▸ WHAT THE TASK REQUIRES:
Using the listing below, give again exactly the lines from the line with "Buy Gaelle Bonheur Jacket online" to the line with "Mercedes A 45S", inclusive, without the pictures.

*** EXERCISE MATERIALS Section Begins ***

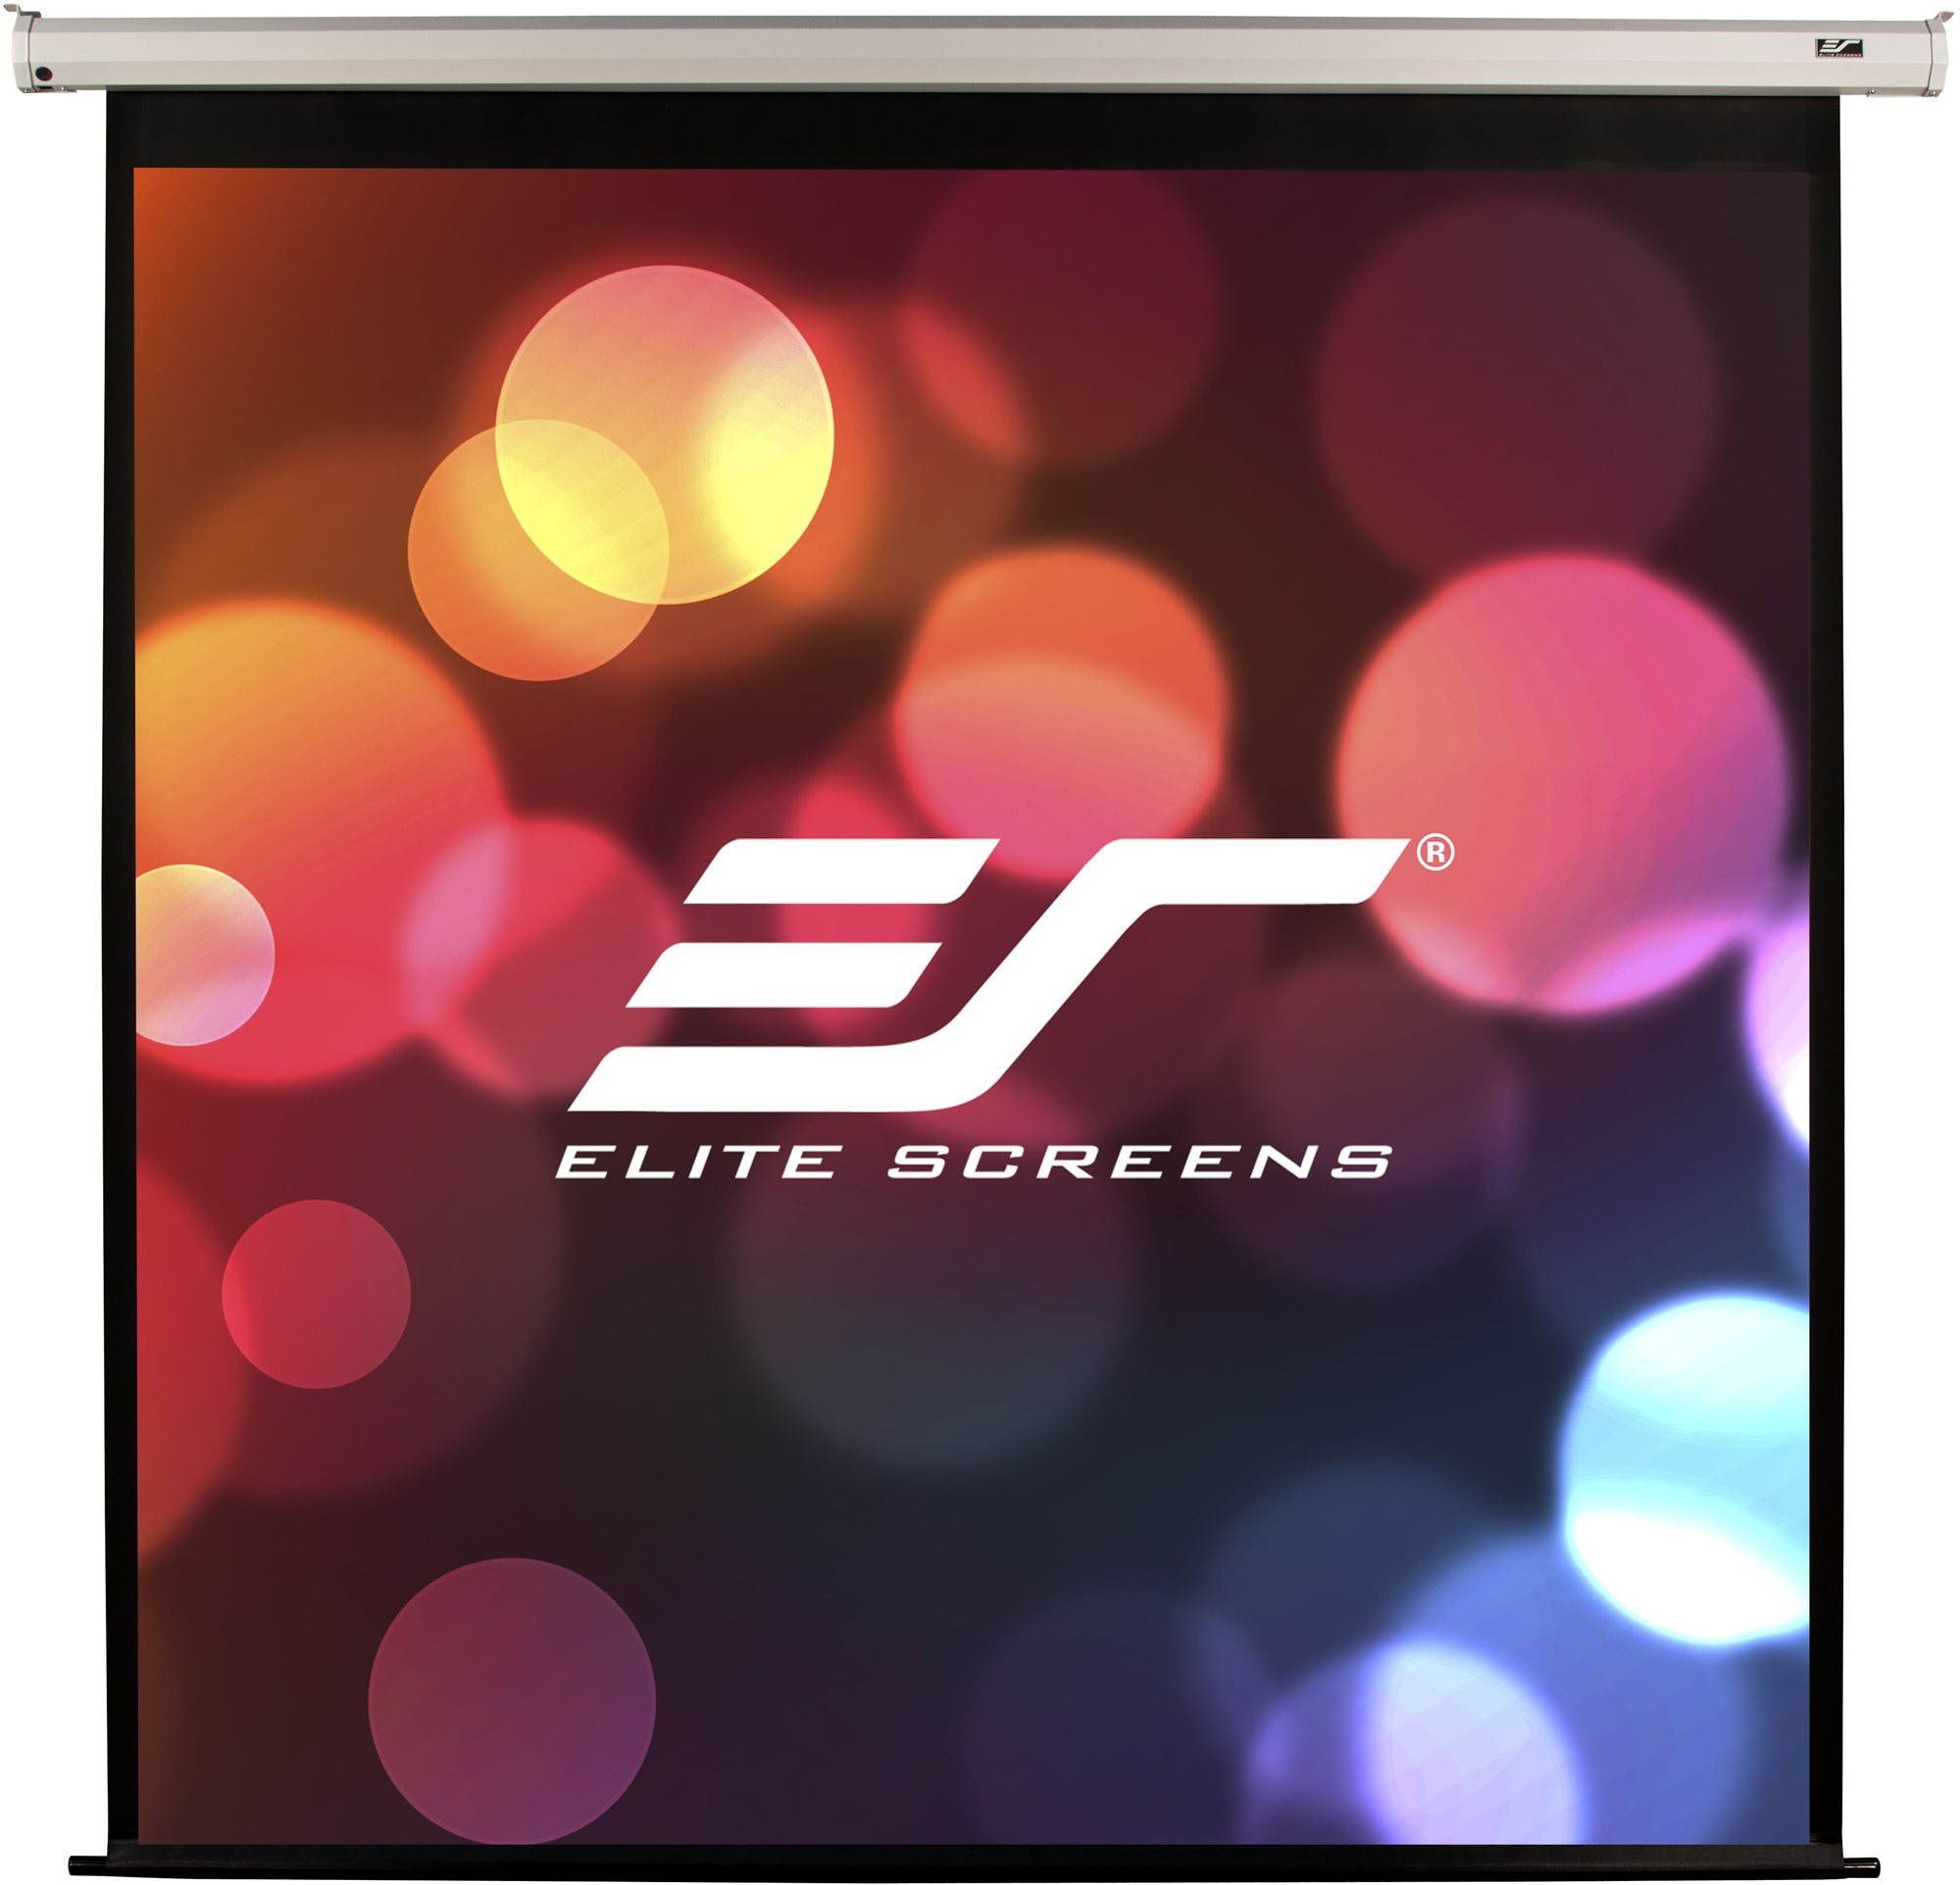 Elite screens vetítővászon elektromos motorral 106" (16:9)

*** EXERCISE MATERIALS Section Ends ***
*** EXERCISE MATERIALS Section Begins ***

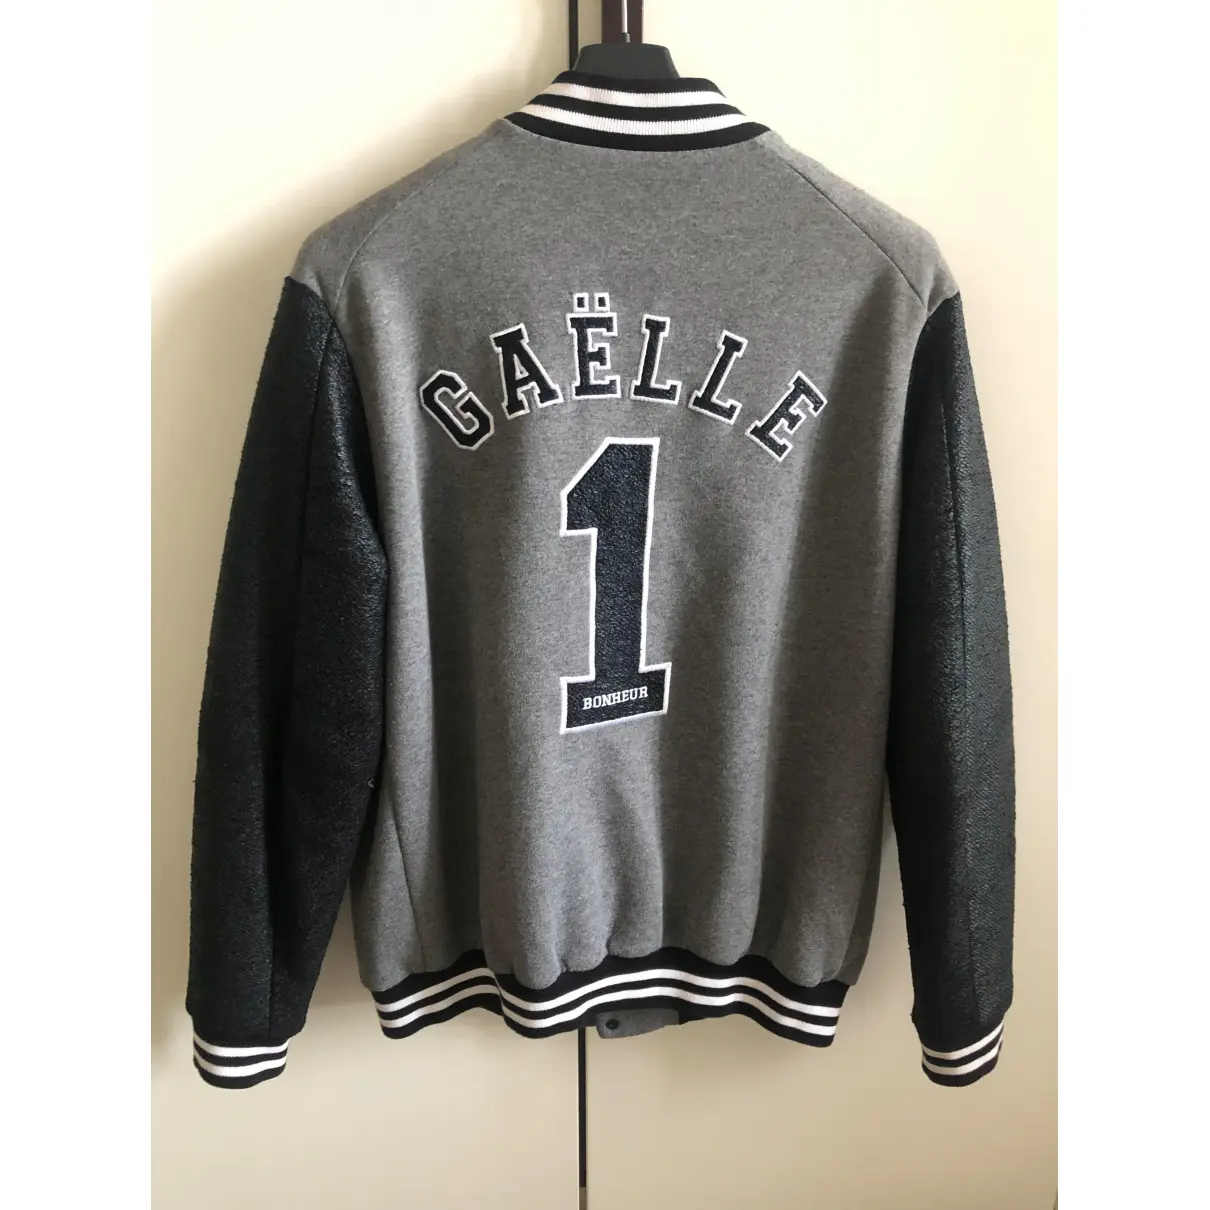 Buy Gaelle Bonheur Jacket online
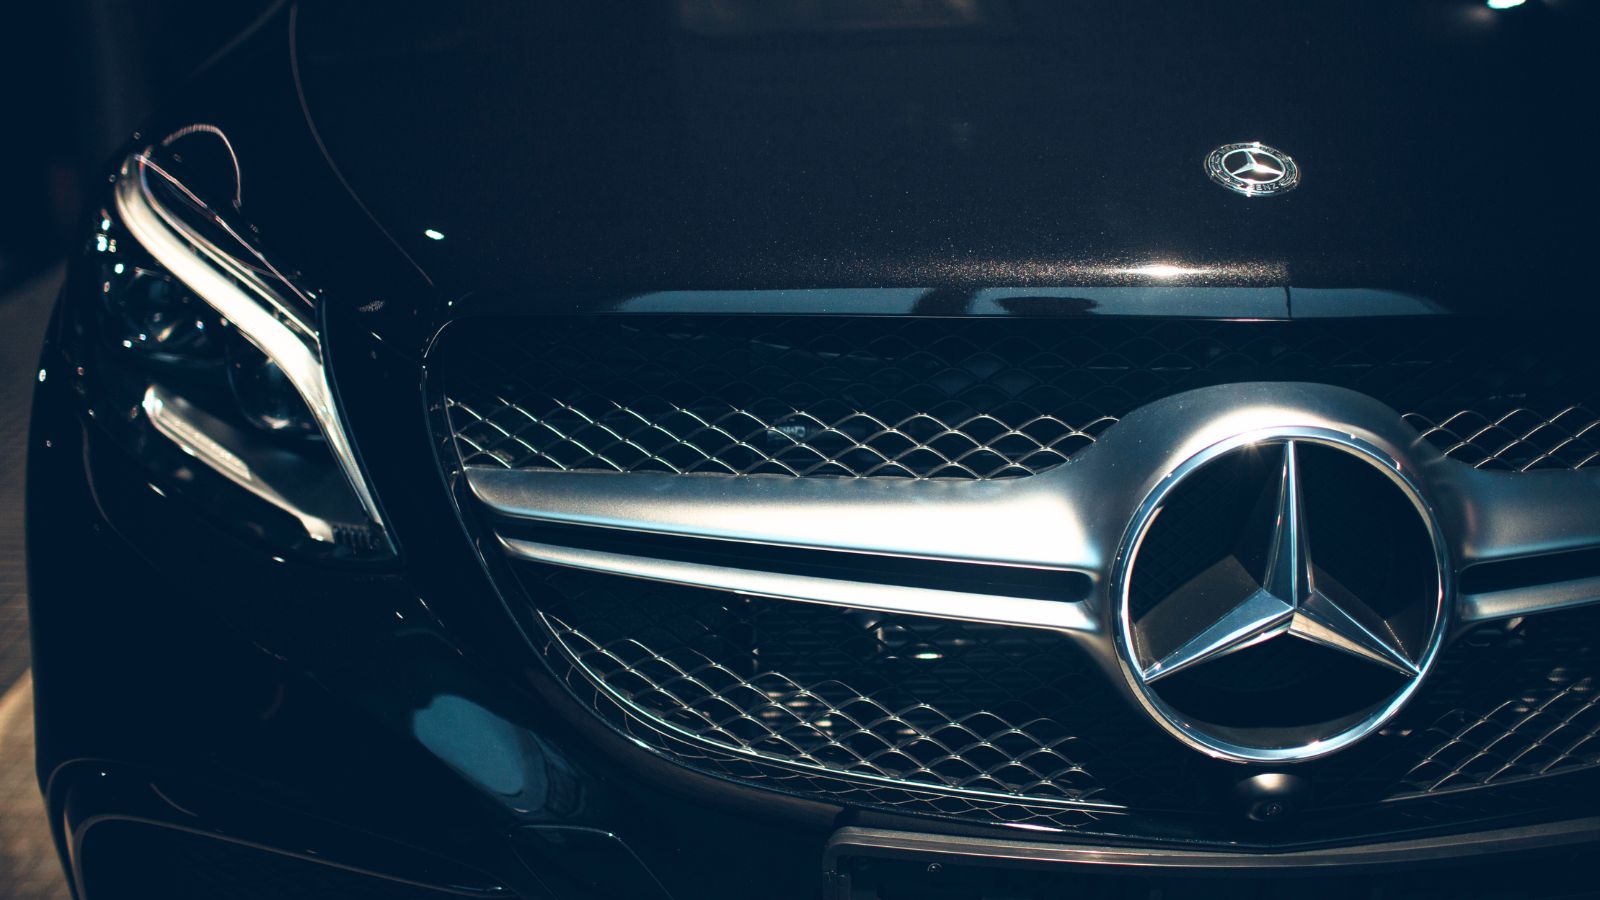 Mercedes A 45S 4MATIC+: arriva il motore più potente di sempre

*** EXERCISE MATERIALS Section Ends ***
*** EXERCISE MATERIALS Section Begins ***

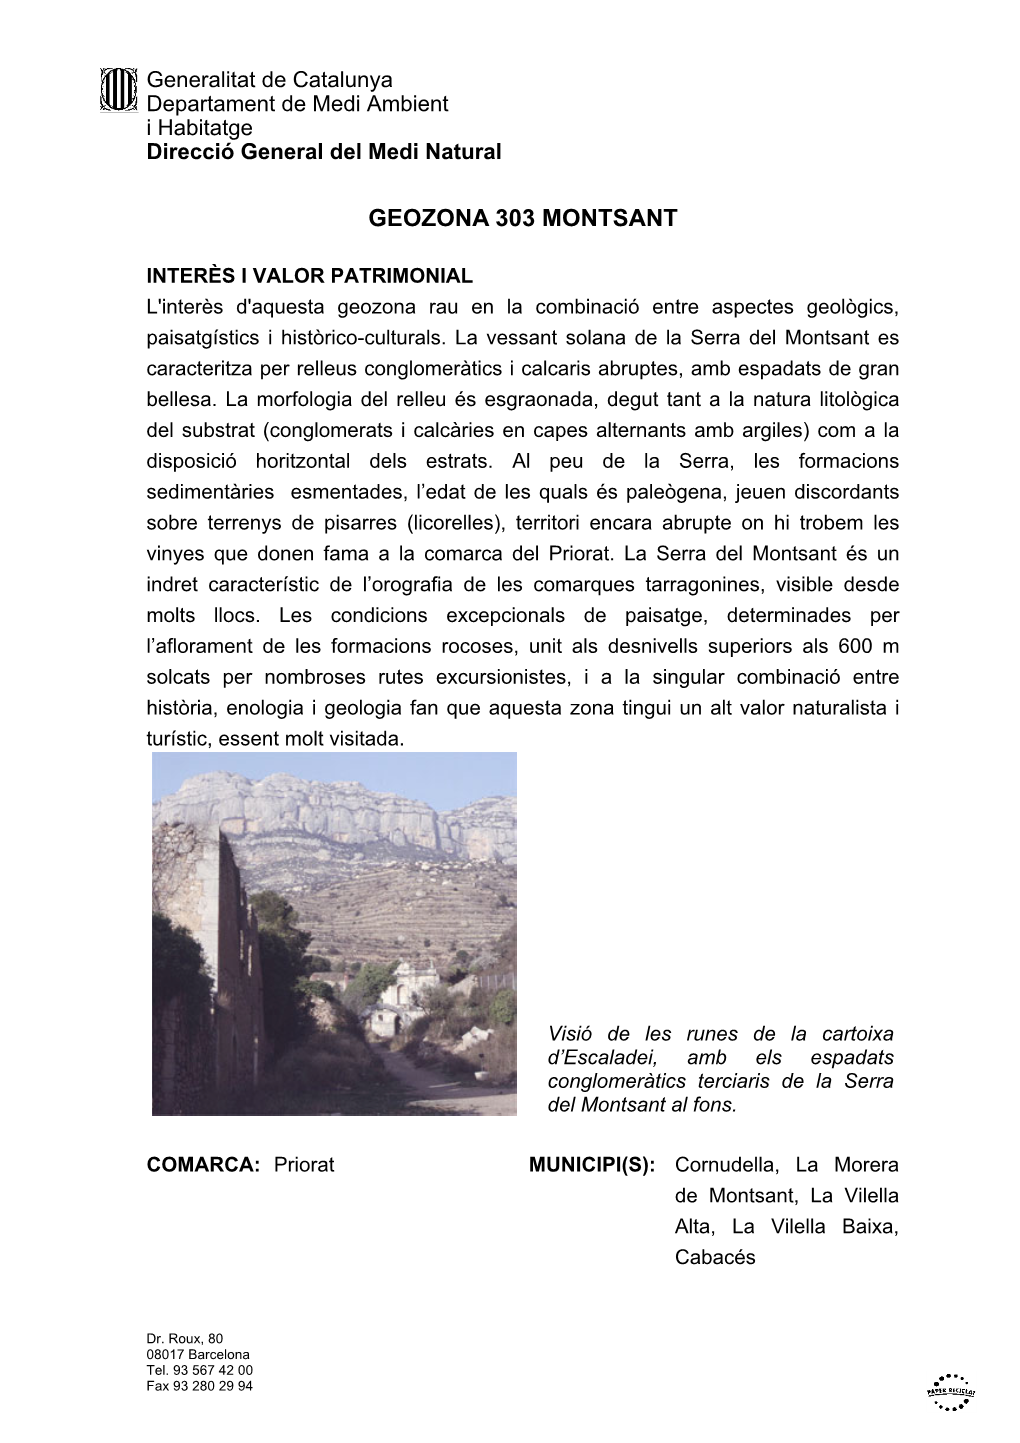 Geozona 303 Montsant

*** EXERCISE MATERIALS Section Ends ***

▸ TASK ANSWER:
 Buy Gaelle Bonheur Jacket online
 Mercedes A 45S 4MATIC+: arriva il motore più potente di sempre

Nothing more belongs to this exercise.